寒冬将至,方智的课程进入了白热化备战状态,每天像机关炮一样,只求最短时间最大效率完成“任务”。
梦仙感觉到哪里不对,那个人类每天早出晚归,鬼鬼祟祟,不仅眼下青黑,而且吞吞吐吐,前言不搭后语,明显就是被色鬼吸干了精气的样子。
年轻人,有点玩过头了呀。
方智也感觉不对,仙儿怎么总是拿“你好可怜”的眼神盯着他,难道她良心发现,终于发觉了他的辛苦?
多年媳妇熬成婆,路遥知马力,日久见人心,方智的内心一万匹野马飞驰而过,留下了阵阵辛酸泪。
闹心的人消停了一个,还有一个要解决的重大问题迫在眉睫。
黄齐自从大病一场以后,沉默的仿佛一个人形雕像,那些年少风流埋入故纸堆中,合上的笔记本再也没打开过。
“我该干什么呢?”黄齐决定去学考古,在方智那小子的狗屎运经历来看,古老的东西上总是有很大几率开出盲盒惊喜。
比如梦仙。
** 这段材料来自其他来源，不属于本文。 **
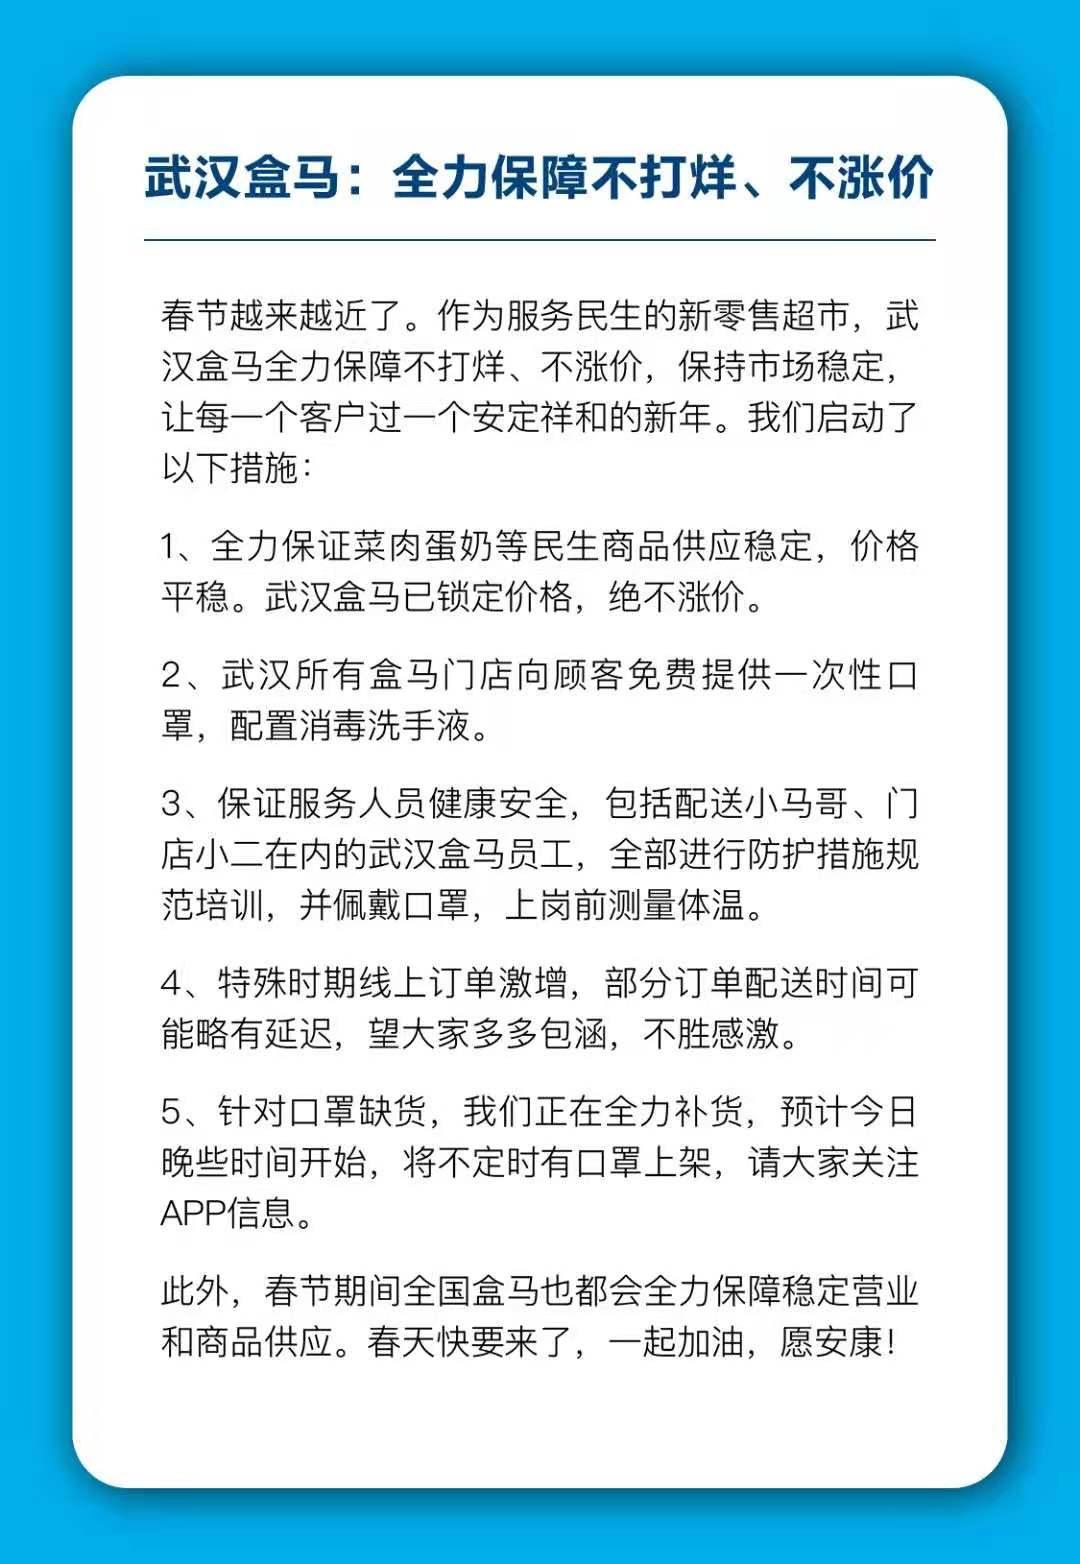 武汉盒马称锁定价格绝不涨价,口罩正在补货图片

比如方智父母的青铜樽。
说不准他哪天捡到的,就是苏姜漂流的灵魂呢?
真真是襄王有意,神女无心。
已经联系好出国留学,一应手续办理完毕,黄齐突然提出去学考古学,陡然来了个三百六十度大转弯,对黄父黄母来说不亚于一场九级大台风!
然而他们最后还是接受了现实,帮他报考了井大的考古系,冷门专业,优秀人才,过程顺利到水波不兴,无比丝滑的出了成绩。
风和日丽的下午,黄齐溜溜哒哒来到方智家楼下。
在方智耳濡目染中,黄齐知道梦仙就住在他家里,并且以一副人类的身躯活着,因此也提高了警惕,主要还是想保持绅士风度注意自己的形象。
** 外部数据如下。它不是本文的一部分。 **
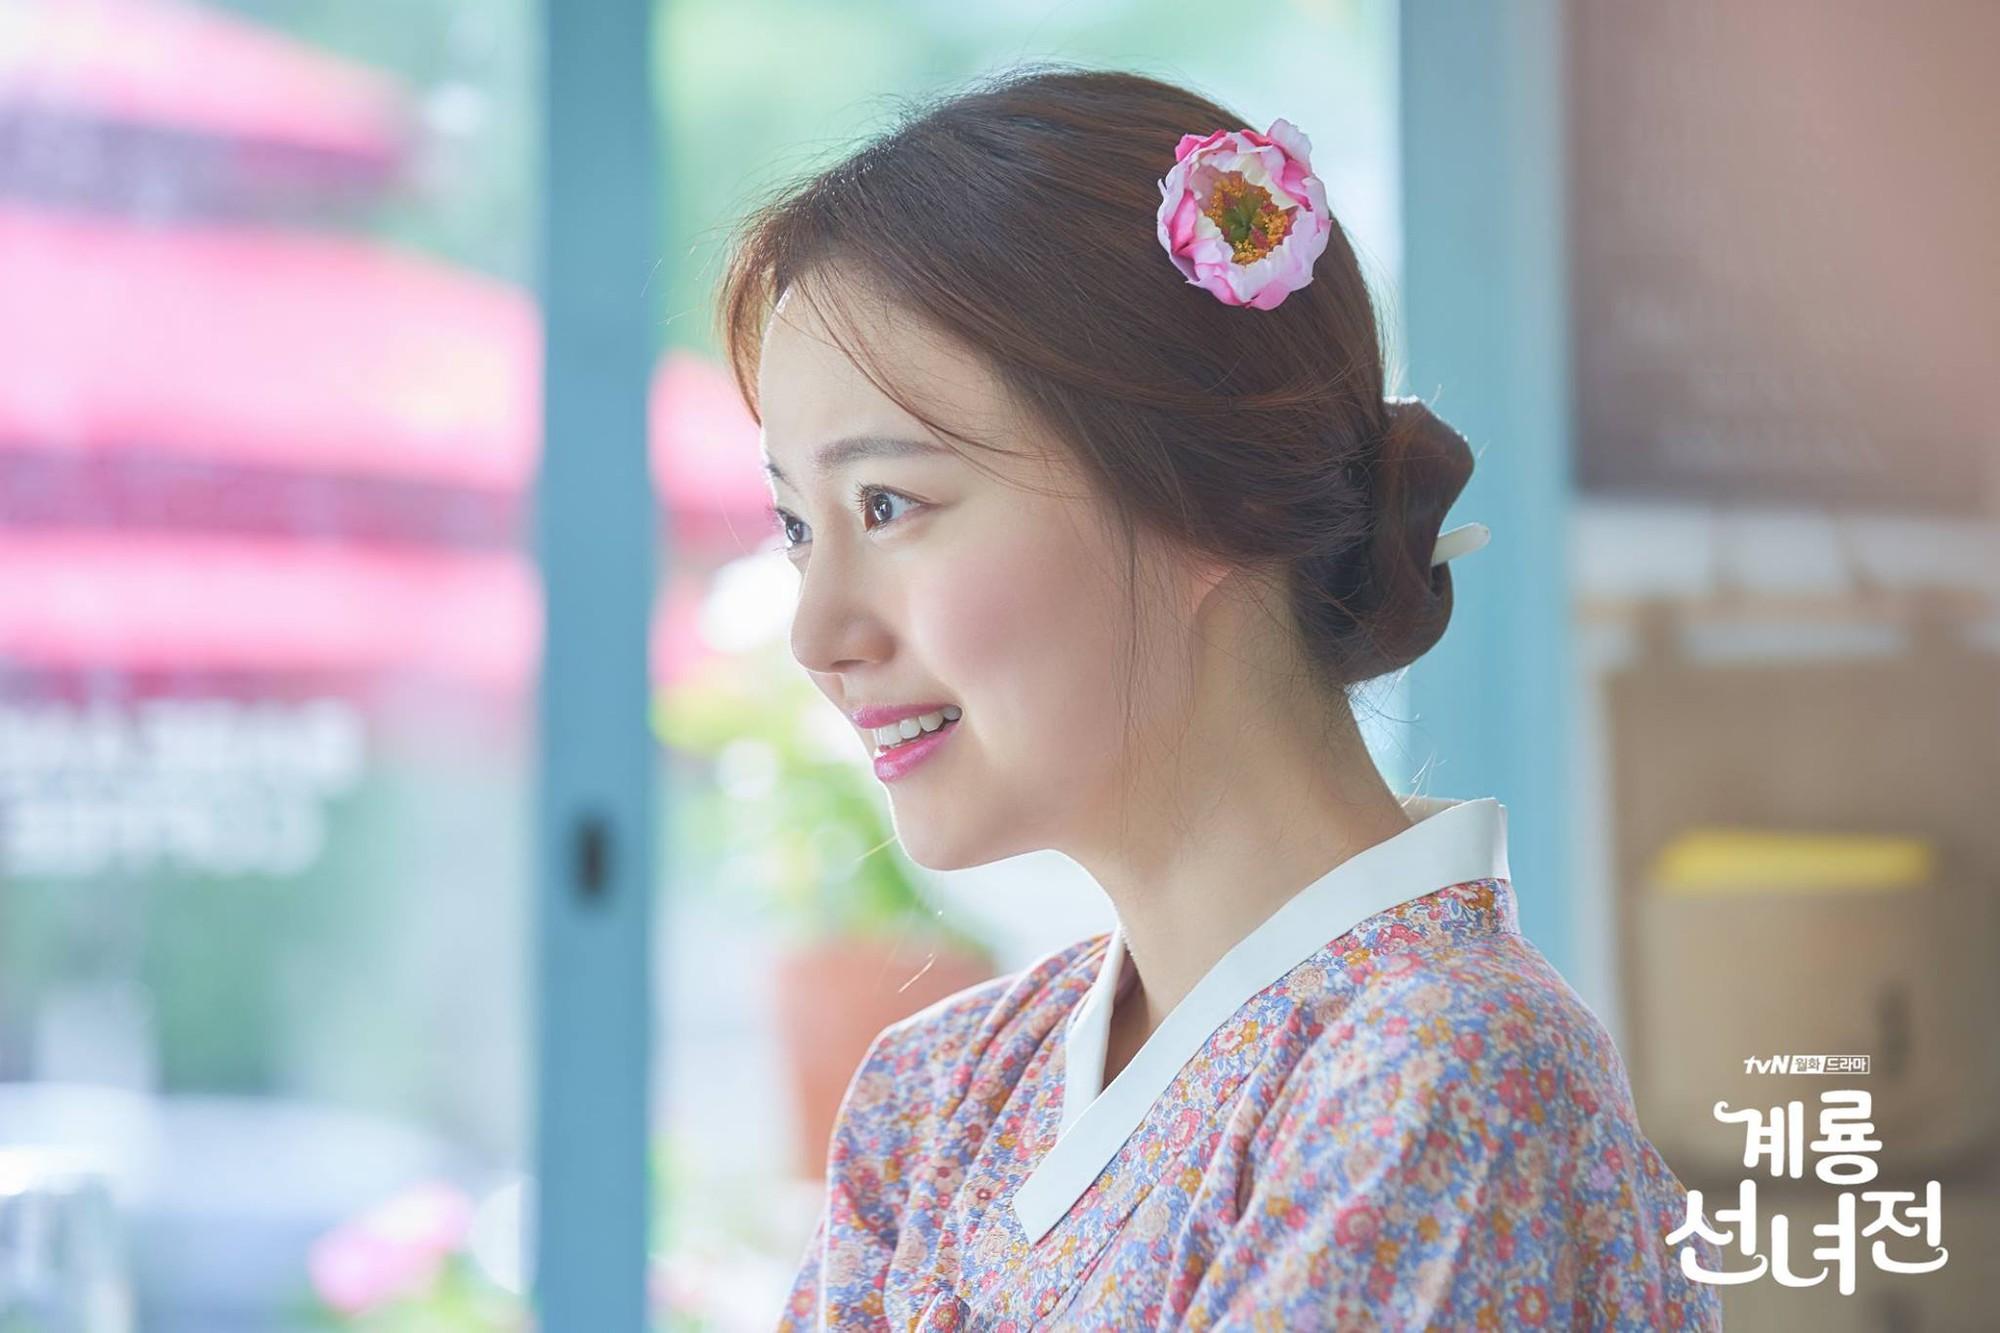 Ngộp thở với dàn sao Hàn toàn dân anh chị trong loạt phim truyền hình đổ bộ mùa cuối năm 2018! - Ảnh 2.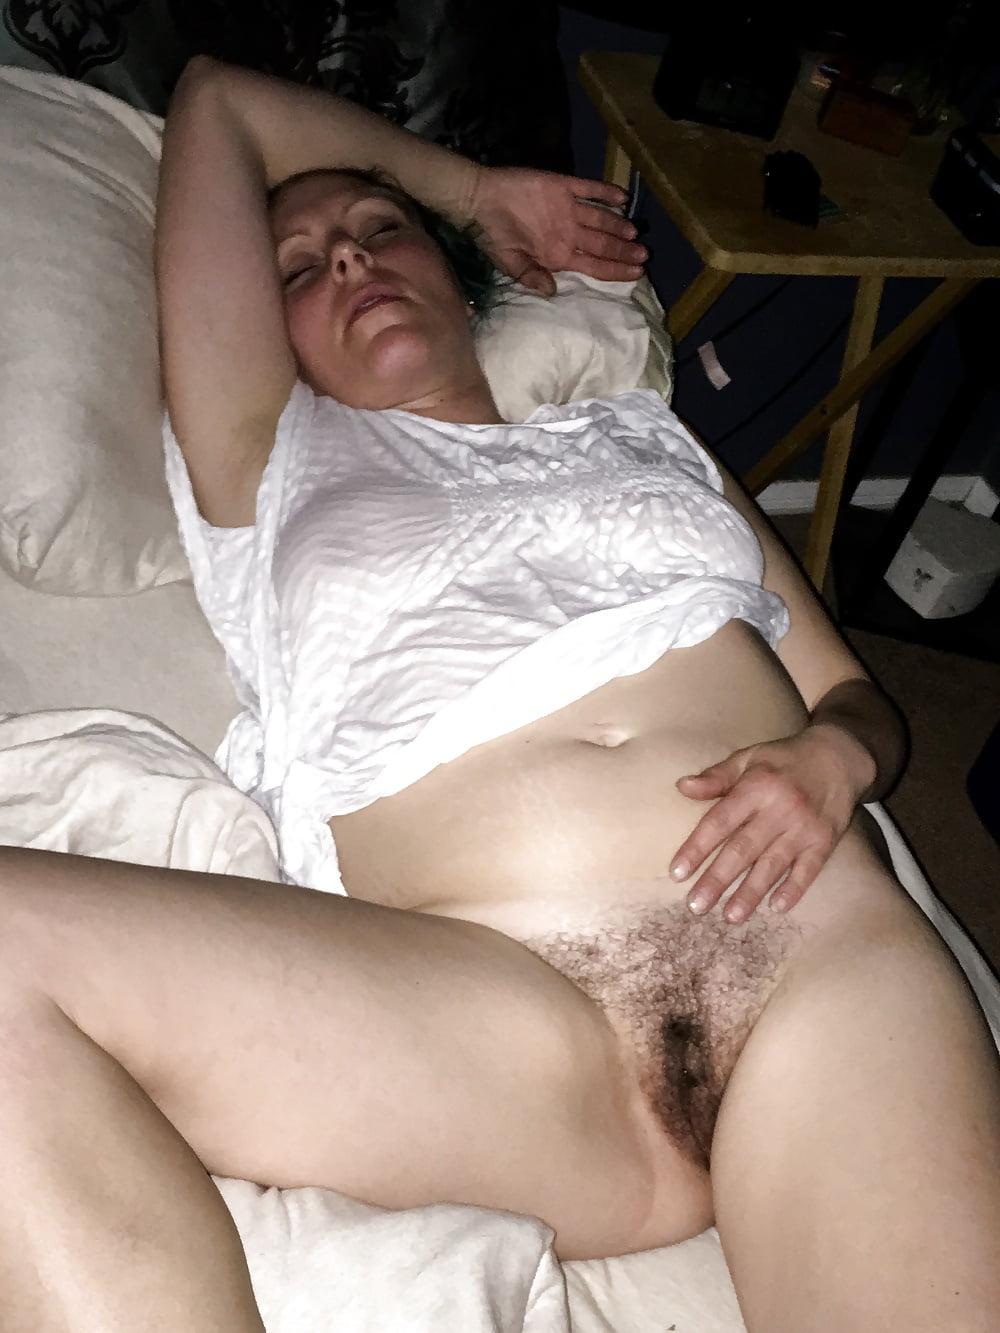 podglyadivaniya-trahnut-sonnuyu-porno-aziatka-prishla-k-ginekologu

“扣扣扣”敲敲门,黄齐甚至紧张到手心冒汗,在面对七位监考官时都没有如此心跳加速。
她会告诉我苏姜的下落吗?
怀抱着忐忑的心情,黄齐盯着房间大门一点点裂开缝隙,有一丝光亮从门缝里露出。
梦仙和苏姜在脑子里激烈的辩论着究竟大叔更好还是奶狗更香,双方面红耳赤唇枪舌剑,不带思考的以为方智回来了,起身去打开了门。
“谁?”接管身体的正是喜欢大叔老腊肉的苏姜,她下意识握门把手时敲了敲第二根指头,就好像完成了一次指尖的舞蹈。
常年敲击编钟的习惯总是难以改变。
这一点立刻被黄齐捕捉到,他几乎理智完全烧毁,心心念念的人就在眼前,这是多大的诱惑!
黄齐冲过来抱住梦仙,“我就知道是你!你还活着!”
梦仙:???
大家分体分得跟串串一样,难为你还分的清啊。方智那个蠢货就从没看出来过,被不知哪个旮旯里的狐狸精迷了心智。
就气人!
他想找到她,拦都拦不住!
他天天都见,人都认不得!
人比人气死人,梦仙和苏姜还讨论过,方智就是那种嘴上叭叭完事情就到此为止的类型。
黄齐就不一样,他心更细,嘴上不说心里有杆秤事无巨细都要上称去掂量一下。
要不是方智确实是个马大哈,要不是苏姜确实冷若冰霜,黄齐真不一定能和他们走到一起,更别提发现深刻情感这么高难度的事情。
有些人天生就带着距离感,方智有一个形象的比喻,黄齐就是风骚的孔雀投了胎,表面光鲜亮丽,后面就是一个光秃秃的屁股。
好看的永远朝外,叫人不敢直视,背后的柔软藏起来,不叫谁都能踹一脚。
梦仙为此还嘲笑苏姜,“你找的人心思好重哦,好怕怕哦~”
苏姜无情的翻了个白眼,看起来就像个神经病,自己把自己嘴角拉开,“舌头捋不直给你掰断信不信,能不能好好说话!和谁学的臭毛病!”指桑骂槐就把责任推给方智。
她们都是小心眼护短,本来该见好就收,梦仙偏不,一边不怕死喊着“好怕怕哦”,一边灵活躲闪避过刻意撞上的障碍物,有时还要拉无辜在场者垫背,“方智,救命!”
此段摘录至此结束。